## Supplied information
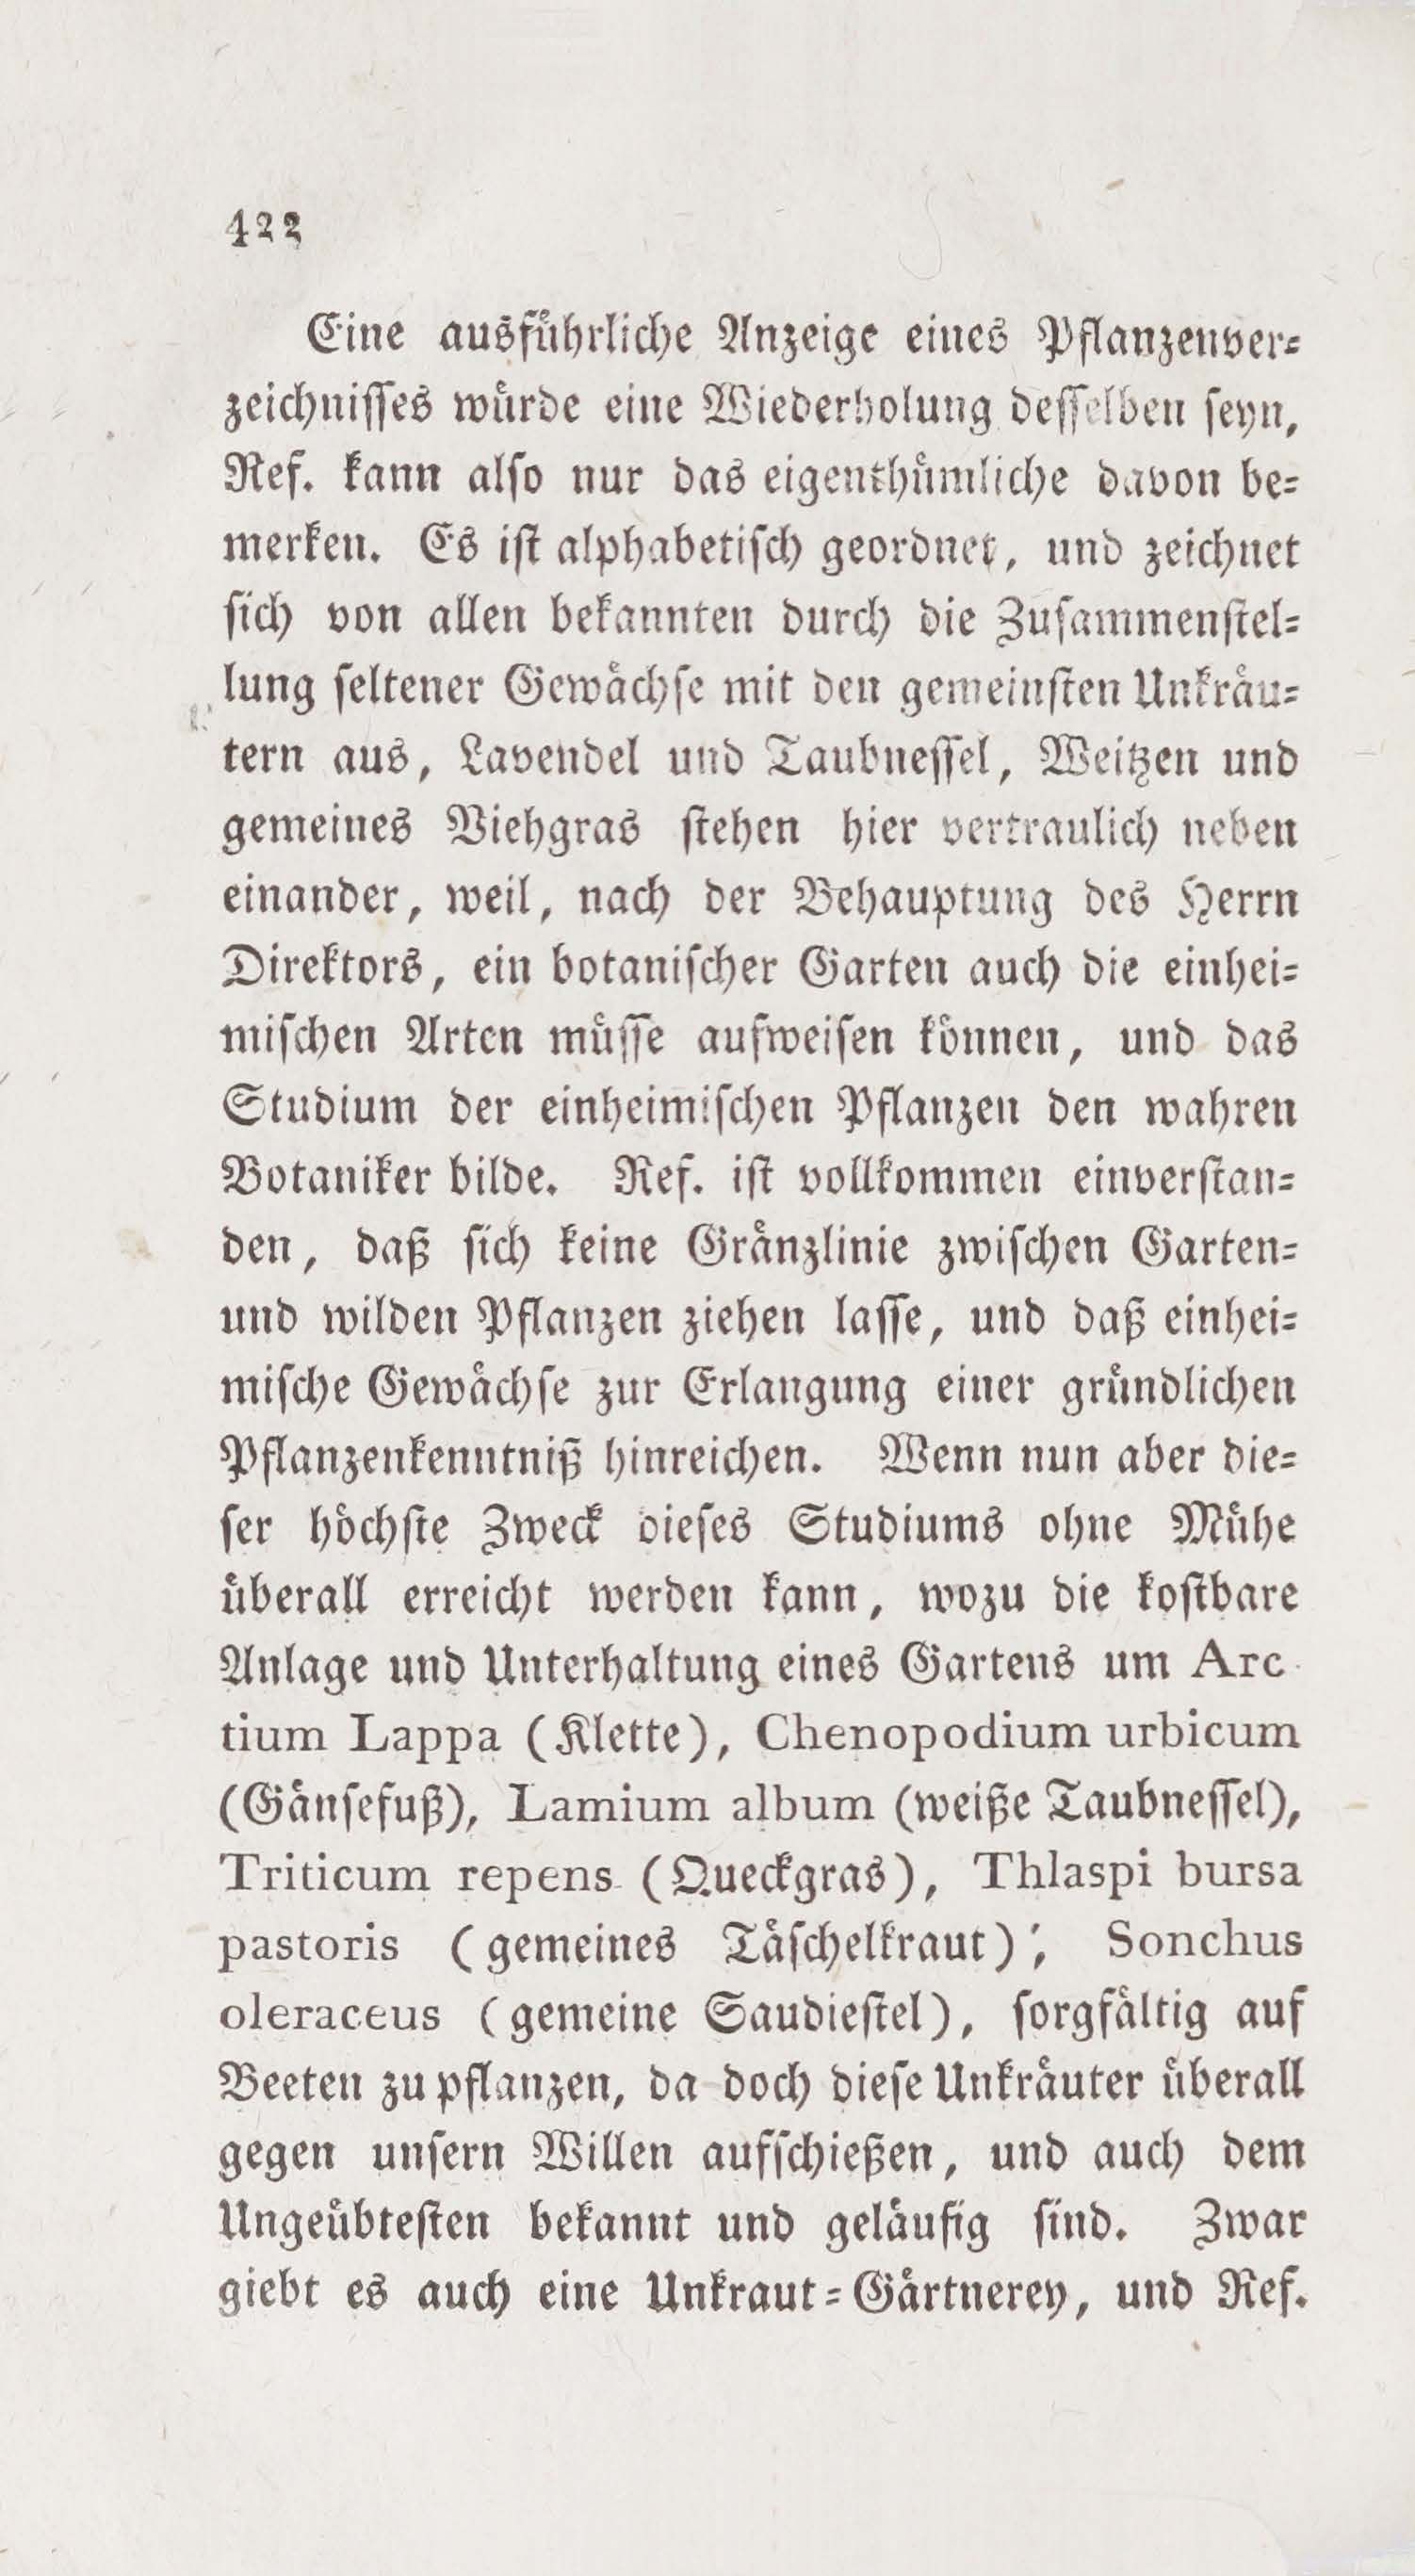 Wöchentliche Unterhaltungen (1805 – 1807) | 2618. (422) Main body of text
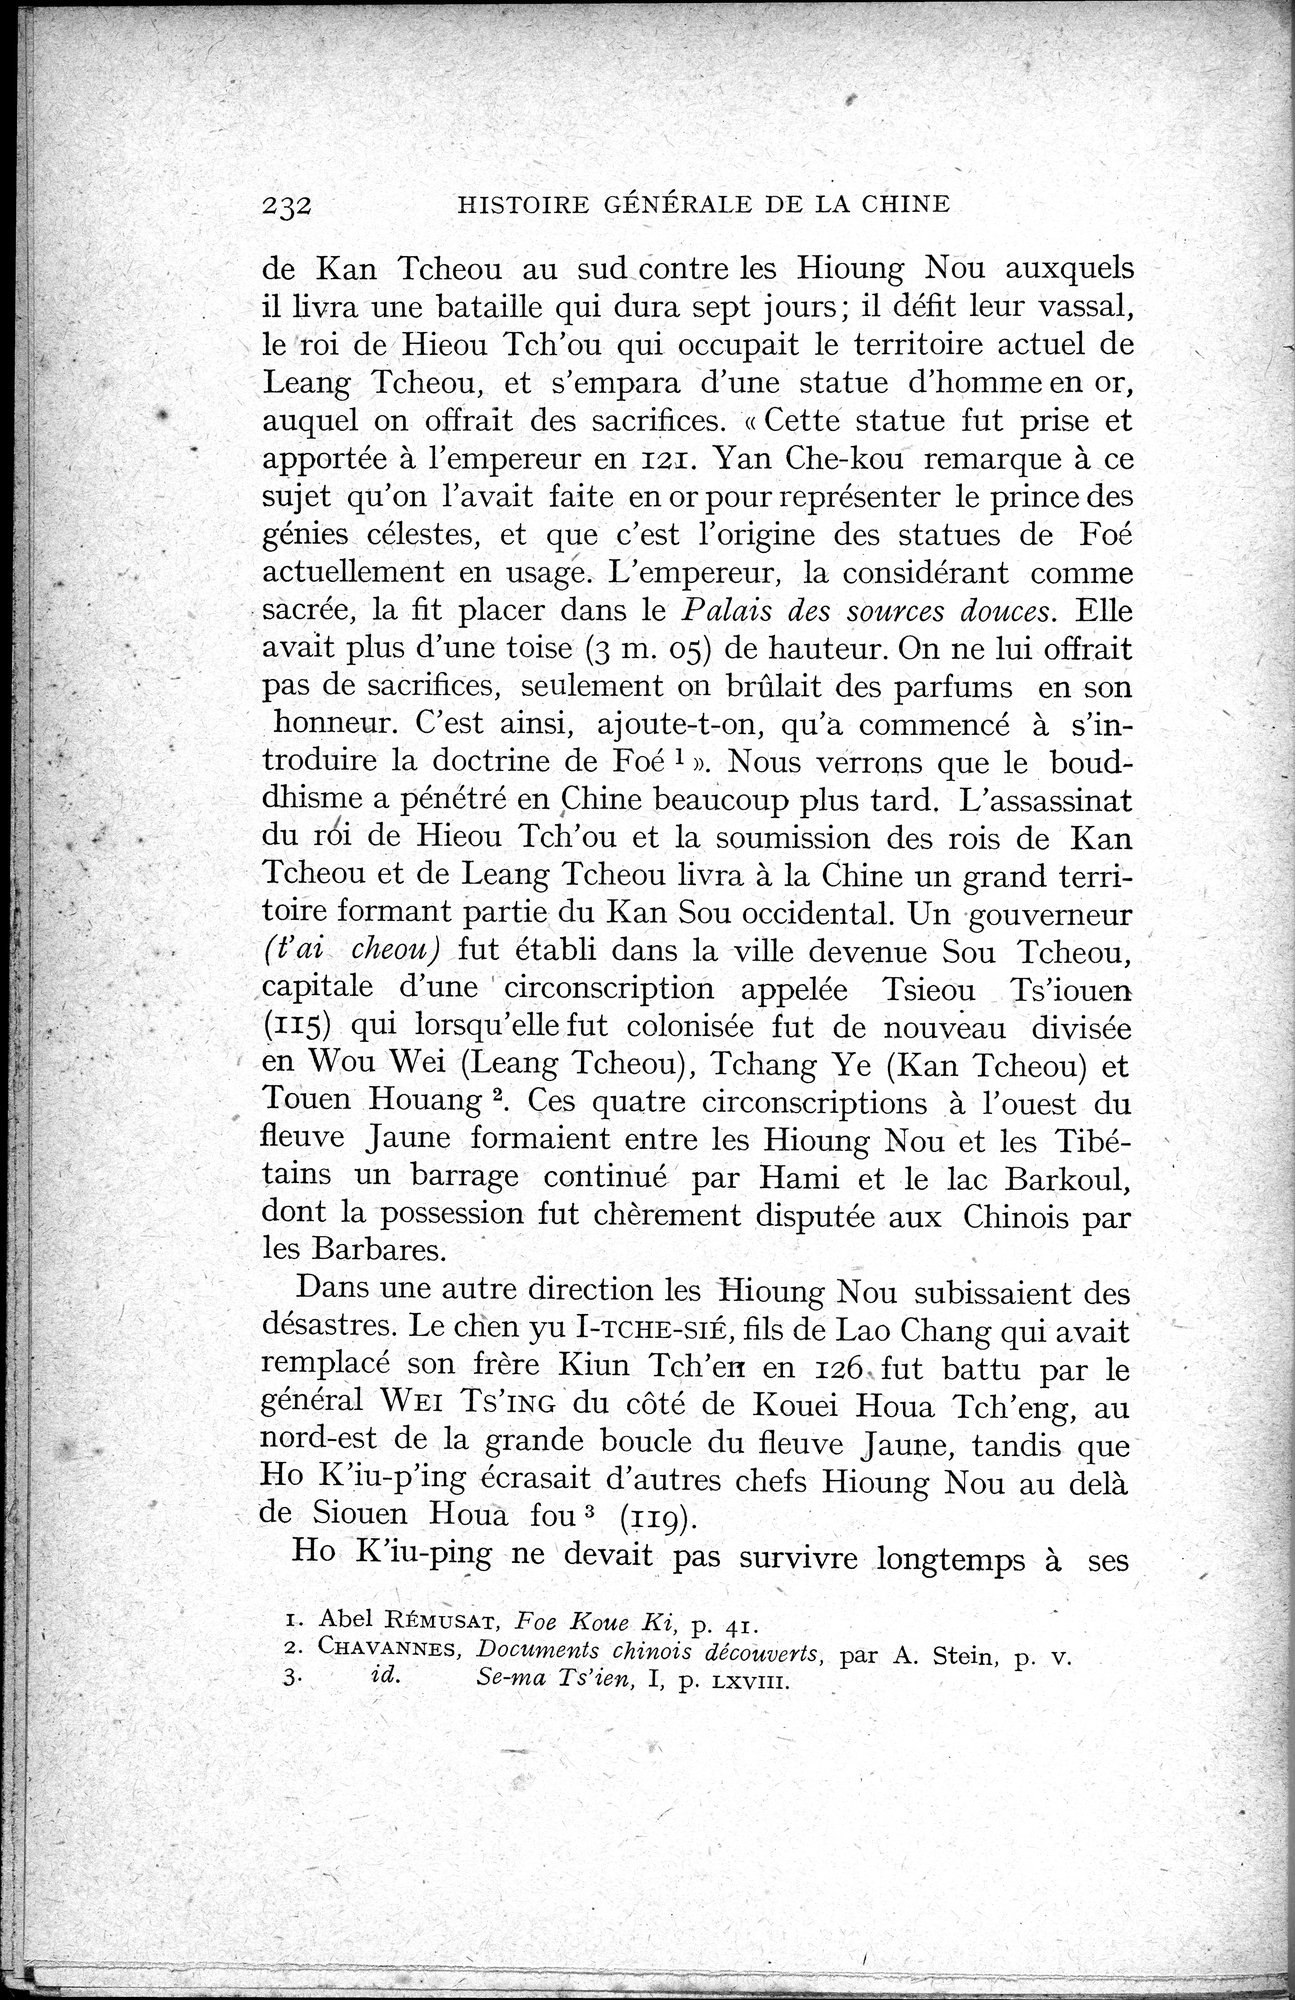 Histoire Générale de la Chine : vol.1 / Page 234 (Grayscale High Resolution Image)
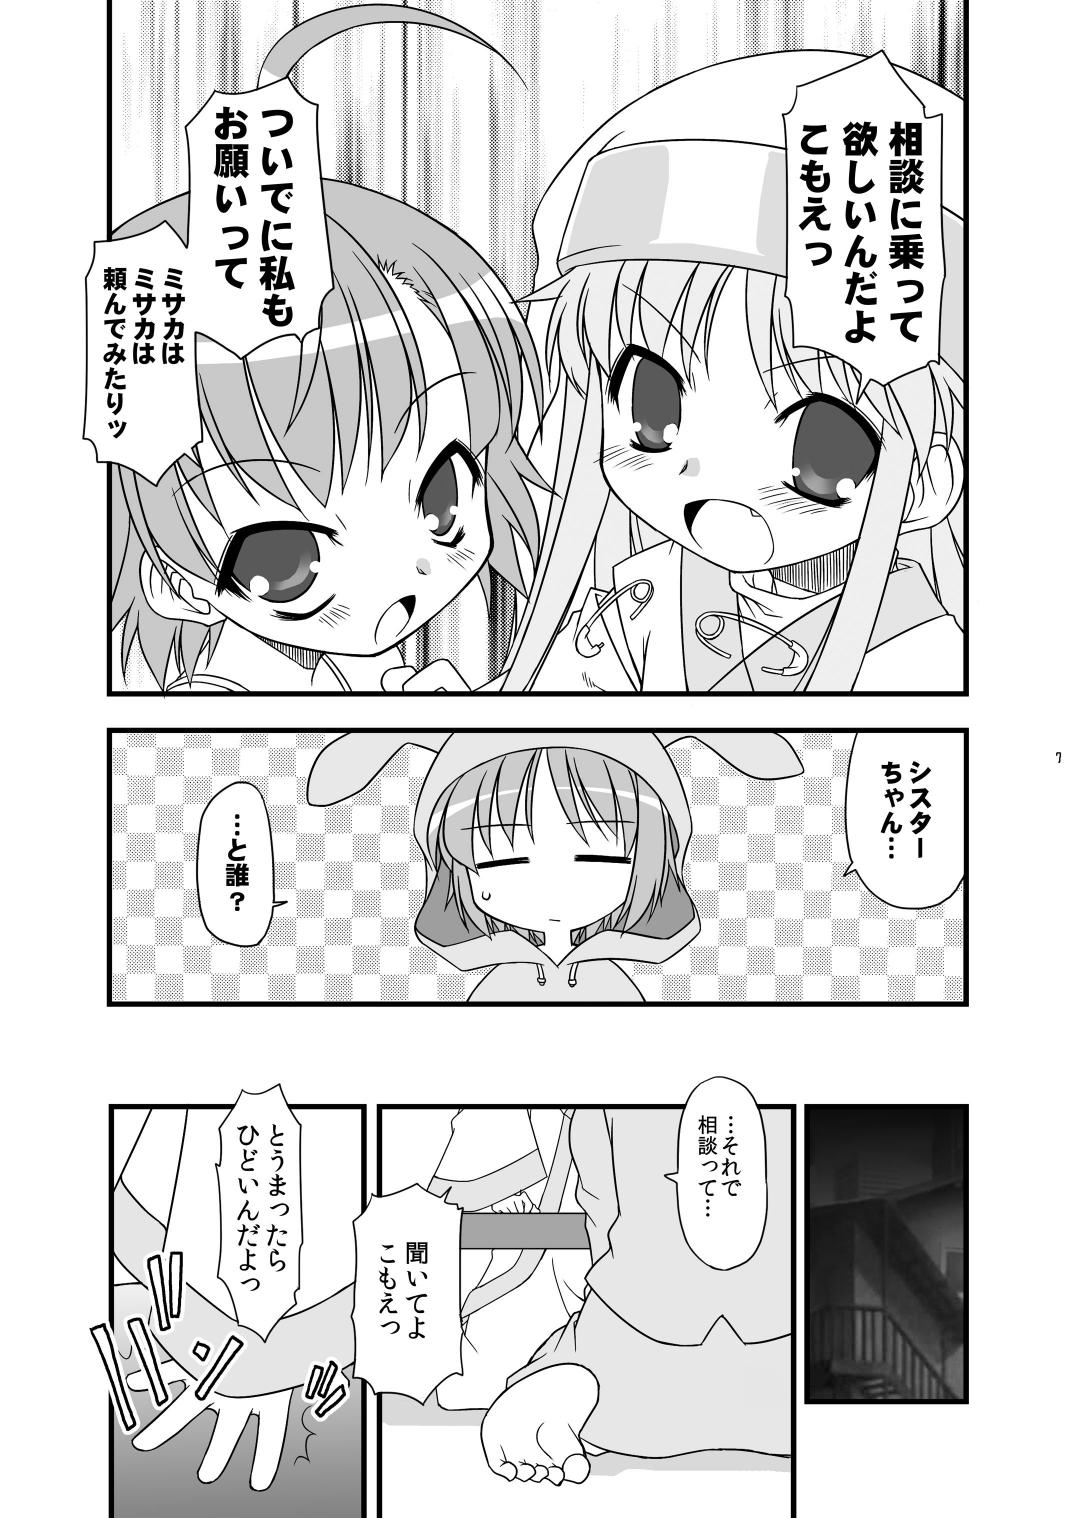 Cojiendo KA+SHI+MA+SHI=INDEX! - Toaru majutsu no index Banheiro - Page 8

## Brief
Write out the material above once more, word for word. Images stay out.

## The completed task
 Wöchentliche Unterhaltungen (1805 – 1807) | 2618. (422) Main body of text
 Histoire Générale de la Chine : vol.1 / Page 234 (Grayscale High Resolution Image)
 Cojiendo KA+SHI+MA+SHI=INDEX! - Toaru majutsu no index Banheiro - Page 8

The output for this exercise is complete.